Anyway, I signed a couple on loan this week. I was going to parade them at the Old Cornfield today but instead I'm keeping them under wraps at the chairman's farm while I see if Sky TV go for my latest plan. It's a mascot competition, a cross between wrestling and gladiators. The idea is is we pit our mascot against characters like Stamford the Lion from Chelsea and Manchester United's Fred the Red. It'll be a massive audience puller and I reckon Yogi and Paddington could be quite a handful. If Sky don't go for it maybe Live TV will - after all, our bears are topless.

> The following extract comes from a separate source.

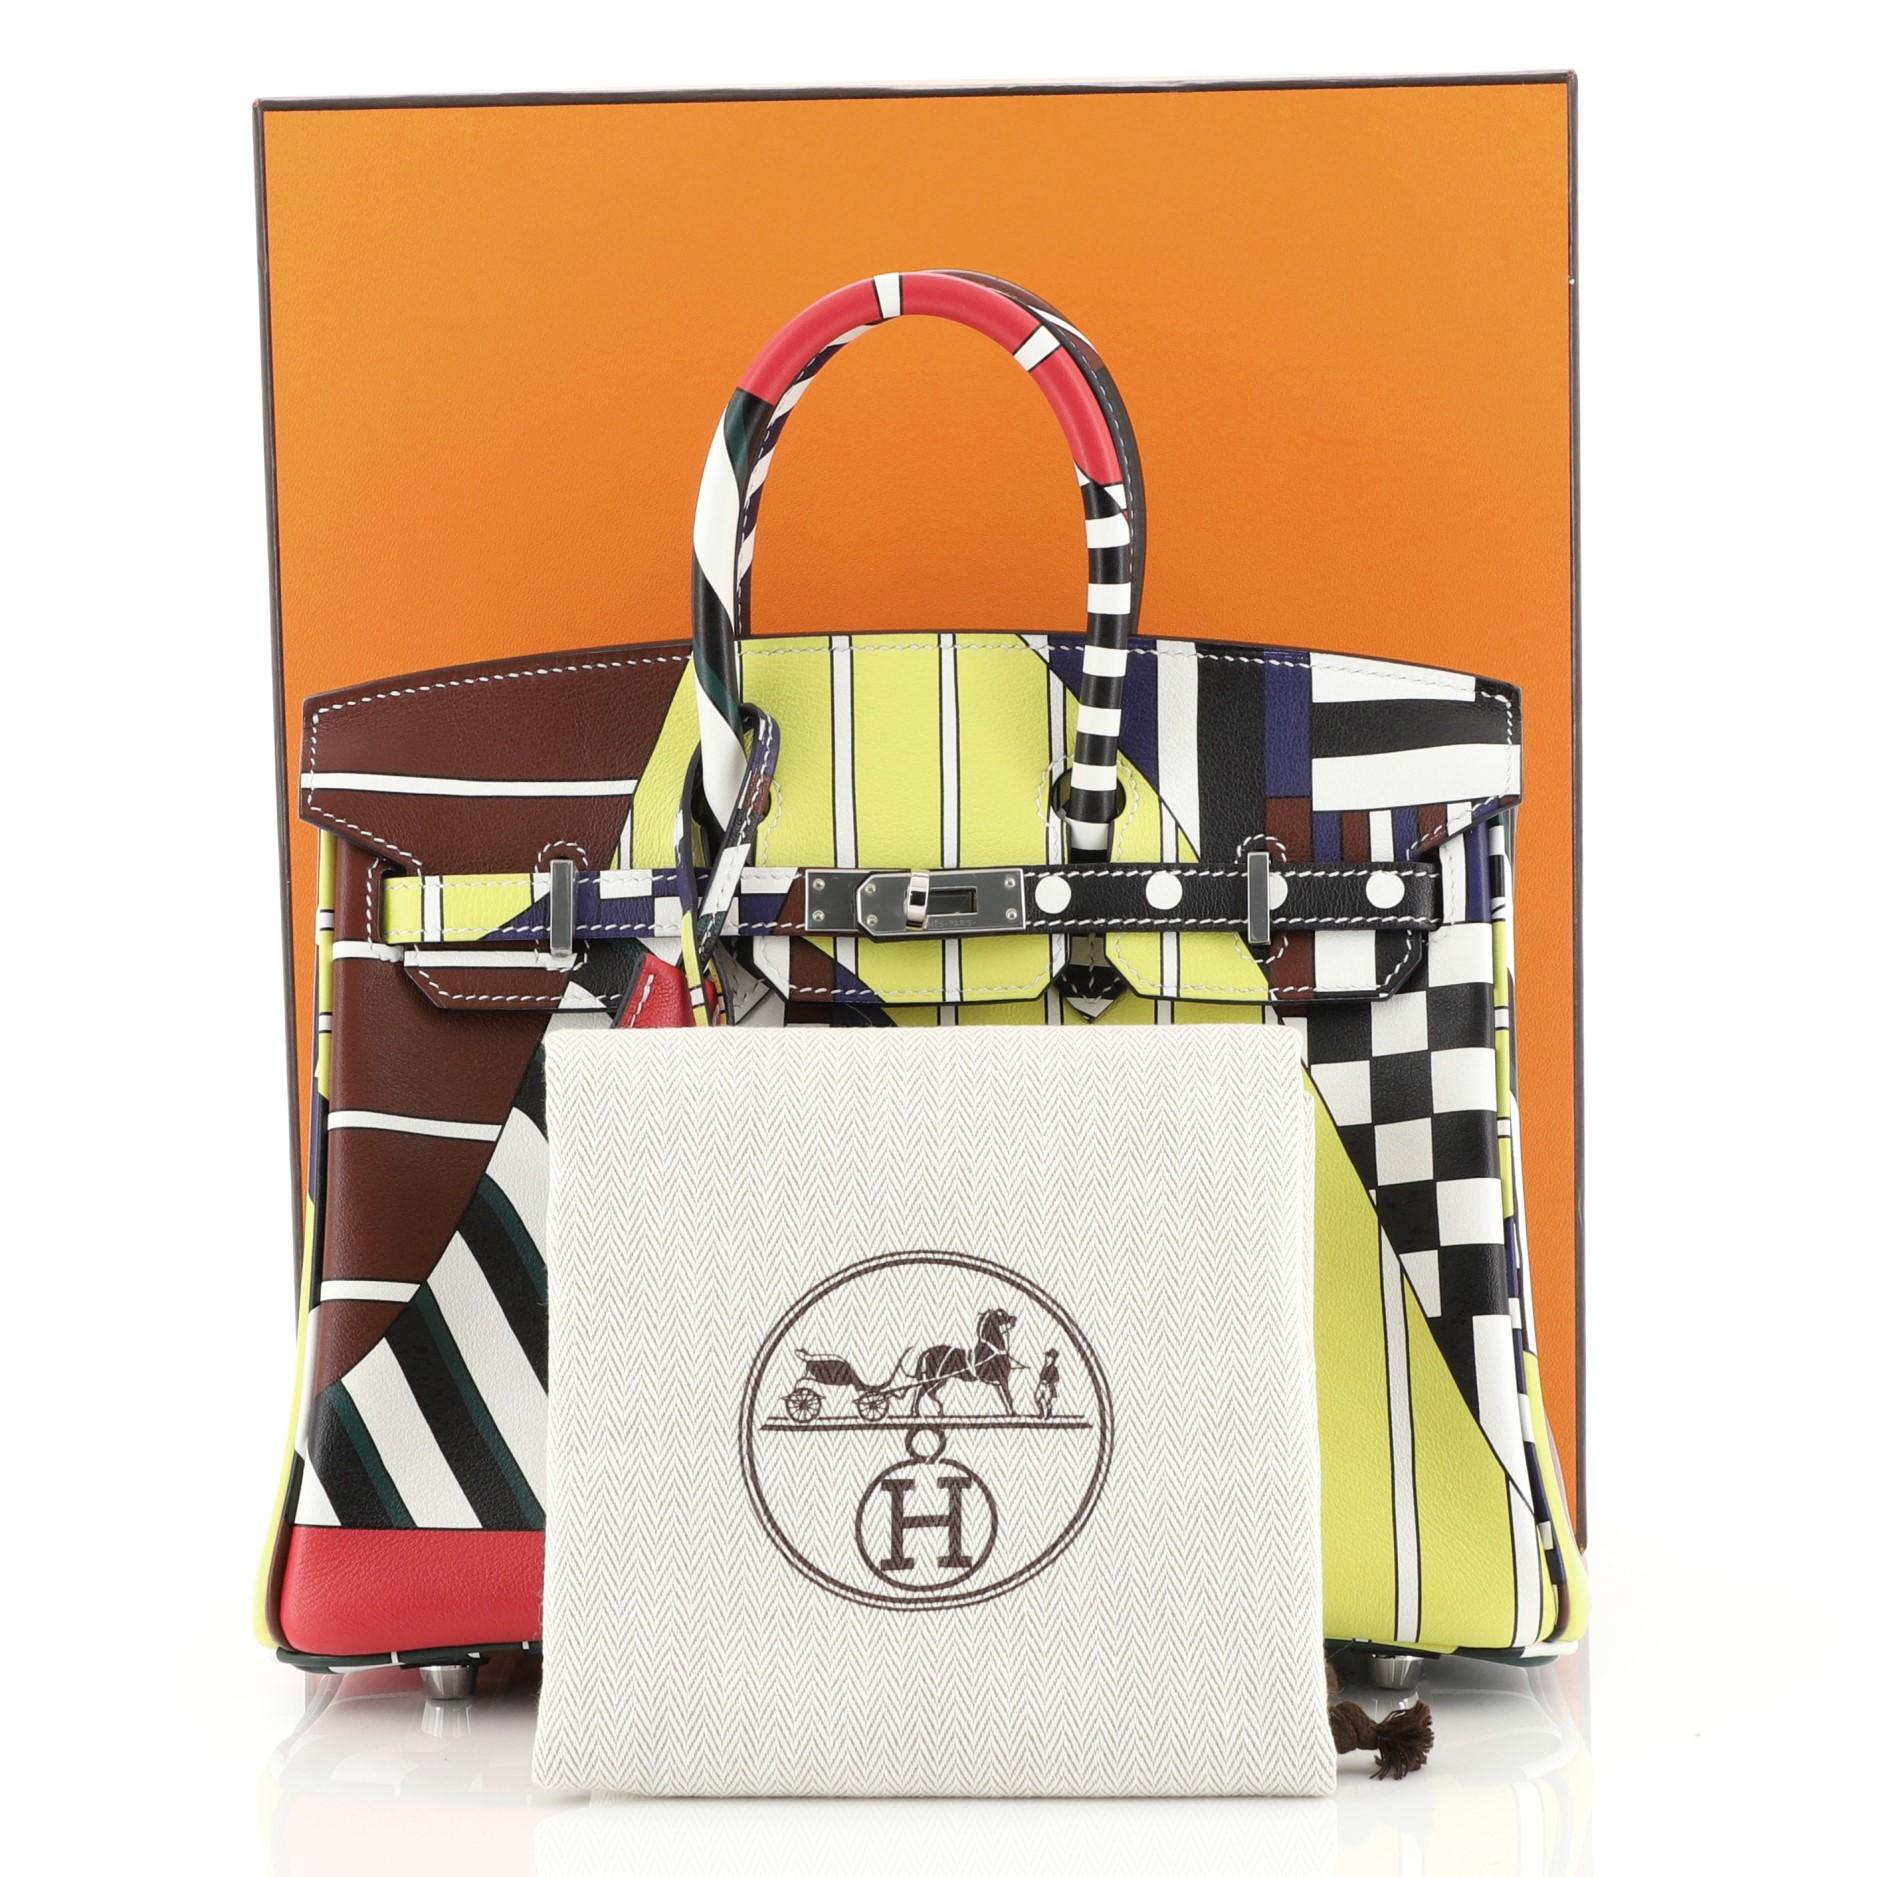 This Hermes One Two Three and Away We Go Birkin Bag Limited Edition Printed Swift 25, crafted in Multicolor printed Swift leather, features dual rolled handles, printed abstract sailboat and palladium hardware. Its turn-lock closure opens to a Bleu

Shaun Prone's out this week, he was badly mauled playing with Yogi. Ivor Niggle's also missing, he got severely stung by bees on a honey-hunting expedition.

*Gaffer Tours Plc would like to point out the use of the names Pele, Franz Beckenbauer, Paul Gascoigne and Willie Johnston in no way constitutes approval or even knowledge of these tours by the individuals named. But we will get round to telling them, honest. **The management reserves the right to substitute aforesaid games with Chile v Cameroon, Japan v Croatia, South Africa v Saudi Arabia, Mexico v South Korea and Nigeria v Paraguay. ***The automobile will be a local classic model Citroen 2CV (diesel). ****The management reserves the right to substitute Messrs Shearer, Asprilla, Zidane or Ronaldo at any time with similar personalities from Iran, Saudi Arabia, South Korea and Paraguay. Messrs Shearer, Asprilla, Zidane and Ronaldo are in no way connected with, or have even heard of, the management of Gaffer Tours Plc.

No refunds or correspondence will be entered into. Gaffer Tours is not bonded or linked to Abta or Iata as that is for cattle on package tours not dedicated football fans like you and us. You can trust the Gaffer, his word is his bond.